Time-Travel- why Harry *can* save himself (was: POA Dementor Kiss on Harry)
Talisman
talisman22457 at yahoo.com
Wed Aug 27 16:16:59 UTC 2003
No: HPFGUIDX 78971
--- In HPforGrownups at yahoogroups.com, "sevenhundredandthirteen"
<sevenhundredandthirteen at y...> wrote:
> Hopefully I won't be getting too deep into the time travel
theories this time...>
> Talisman, wearily rolling away her other parchments, responds:
I think you are thrashing around in the shallows and muddying the
water, dear.
Laurasia:
> Your premise that we are always stuck with a soul-sucked Harry
unless someone else saves him relies on one thing- that there has
to be a `first time' that time occurs in which no-one has gone back
in time.
Talisman: Indeed, every one of your theories acknowledges the same
premise. But, let's distinguish time as a dimension versus time as
an instance or occurance.
Laurasia:
That is- because you believe that Time happens multiple times
> . . .<snip> This is a great theory- except that Time doesn't have
to function multiple times. Instead of thinking about Time
occurring many times over, think about time only ever happening once.
>
Talisman:
You apparently didn't comprehend the post. If you will re-read
#78370, you will find that I devote a good deal of time explaining
how Harry can't save himself in a "one seamless time/multiple
experiences" scenerio.
Laurasia:
I agree that soul-sucked Harry can't turn over
> the time-turner and go back in time to un-soul-suck himself.

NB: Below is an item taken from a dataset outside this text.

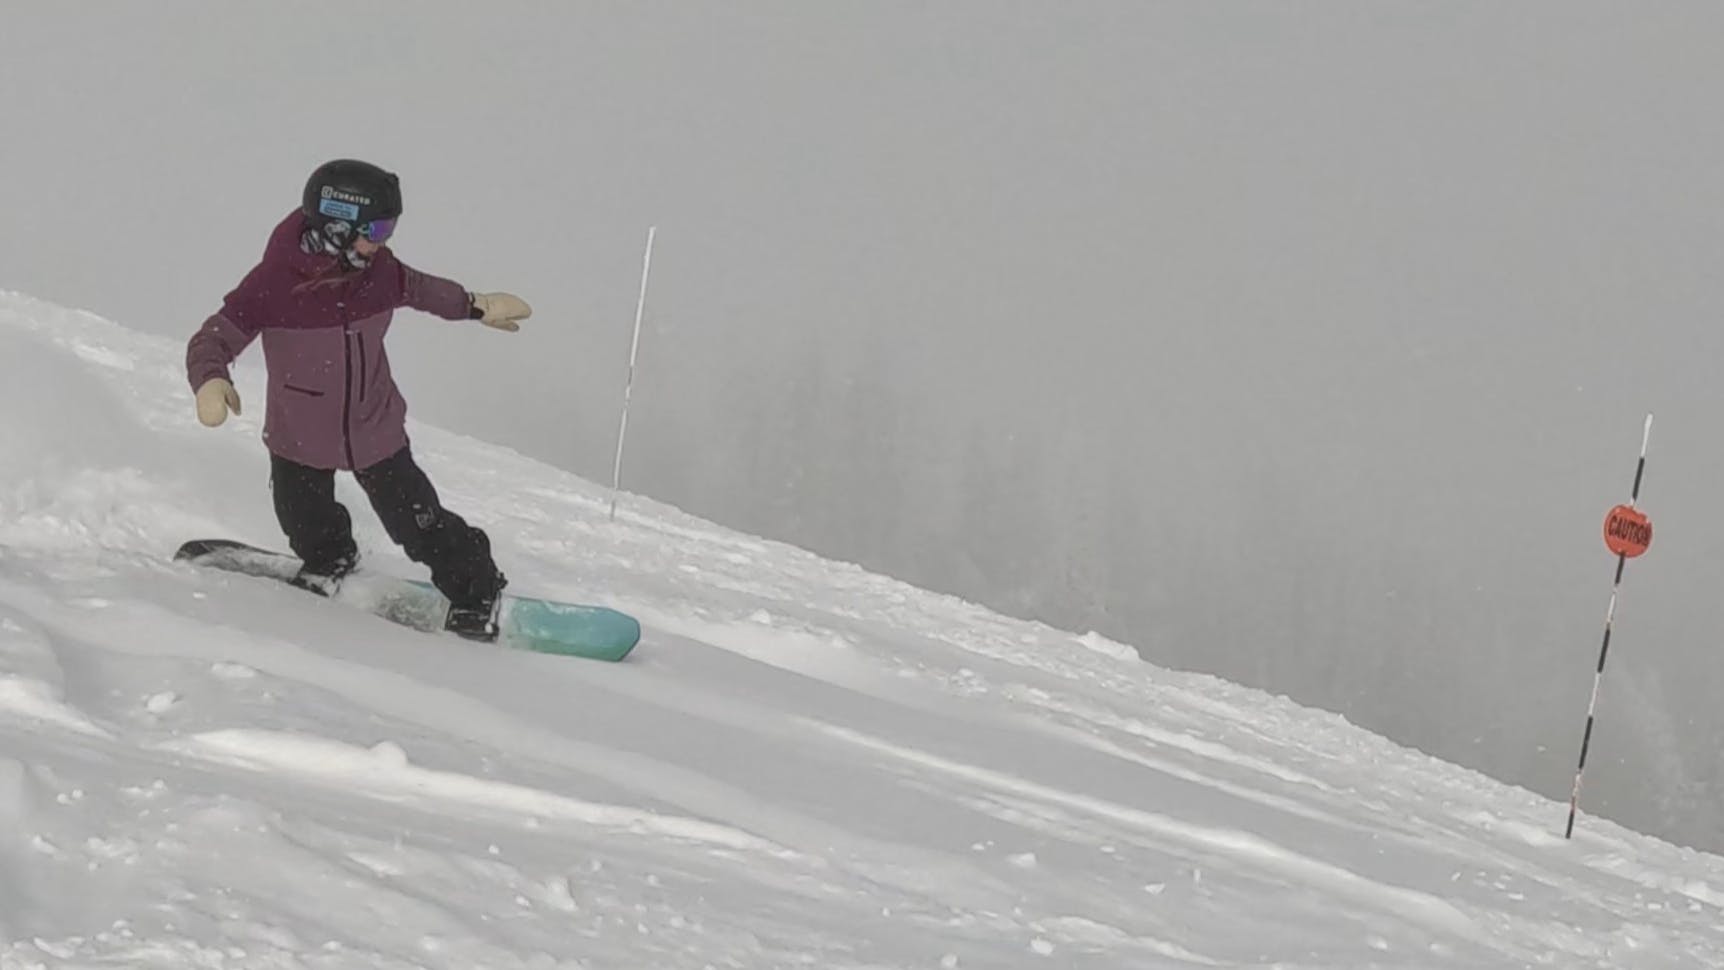 Snowboarding Expert Arielle Busch testing the Bataleon ThunderStorm snowboard
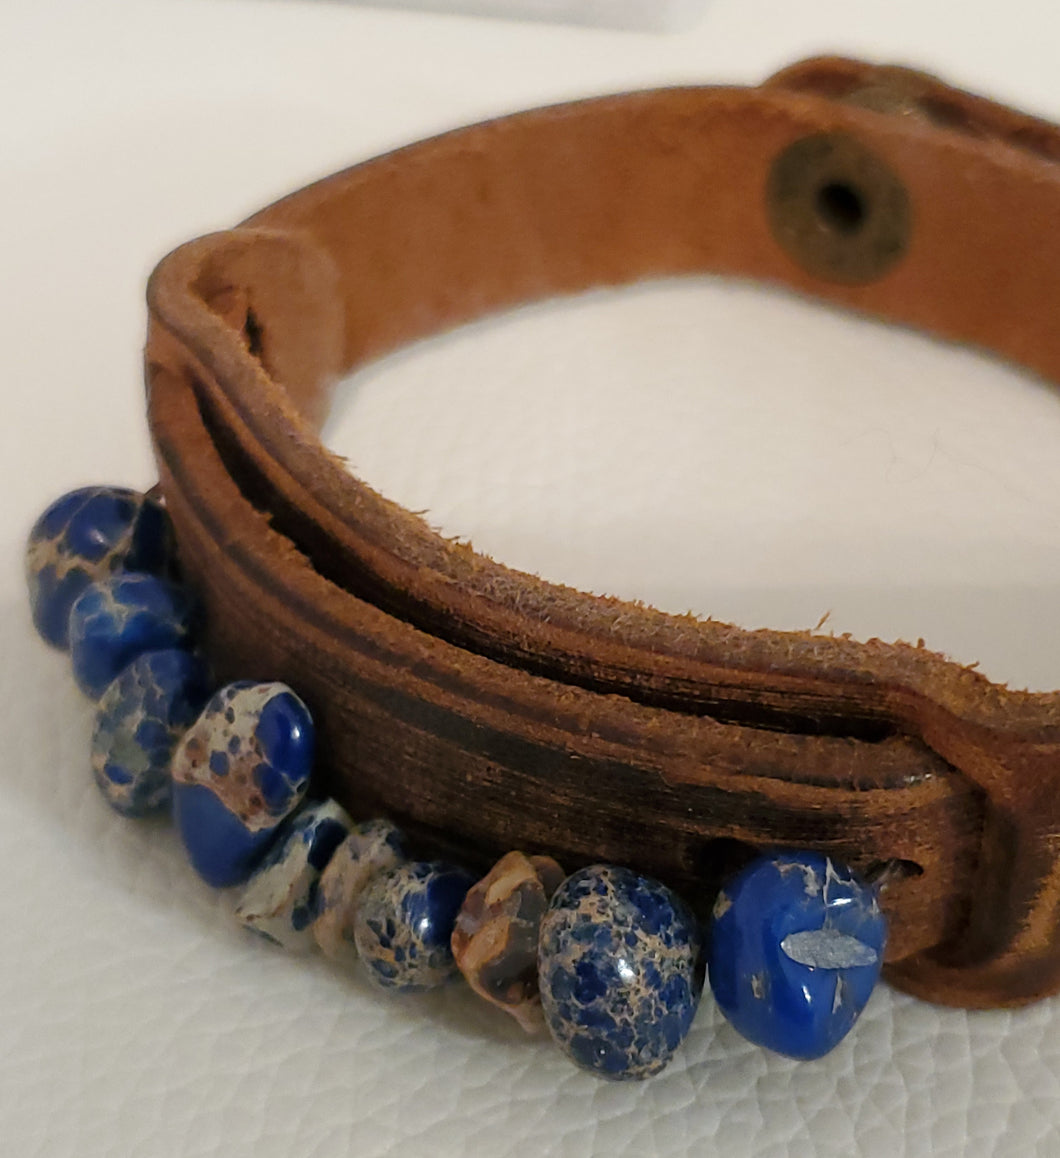 Bracelet-Leather Strap with Blue  Regalite Stones

However,if there is no `first time' for time, (that is- time occurs
only once) then there is no need for `Harry to be saved the first
time to go back and save himself the second time' because there is
no second time...
Talisman: Again I think you are slipping between two usages of the
word "time," without realizing the distinction.
>Laurasia:
> Time-Travel Theory #3:
>
> When you turn over the time-turner you get transported back in
time.
> Time has not moved backwards, rather *you* have been transported
> through it. Time occurs only once; it's only people that can
> experience it more than once.
Talisman: Again, read my post about one time/multiple experiences.
It's all there.
Laurasia
> In this version of time-travel there is no loop or step- time
> occurred only once in a continuous and straight line.
Talisman:
But listen to yourself, you are describing a loop. A loop of
experience, to quote you above "people ... can experience it more
than once."
Now, when considering the "first time" try to replace "time"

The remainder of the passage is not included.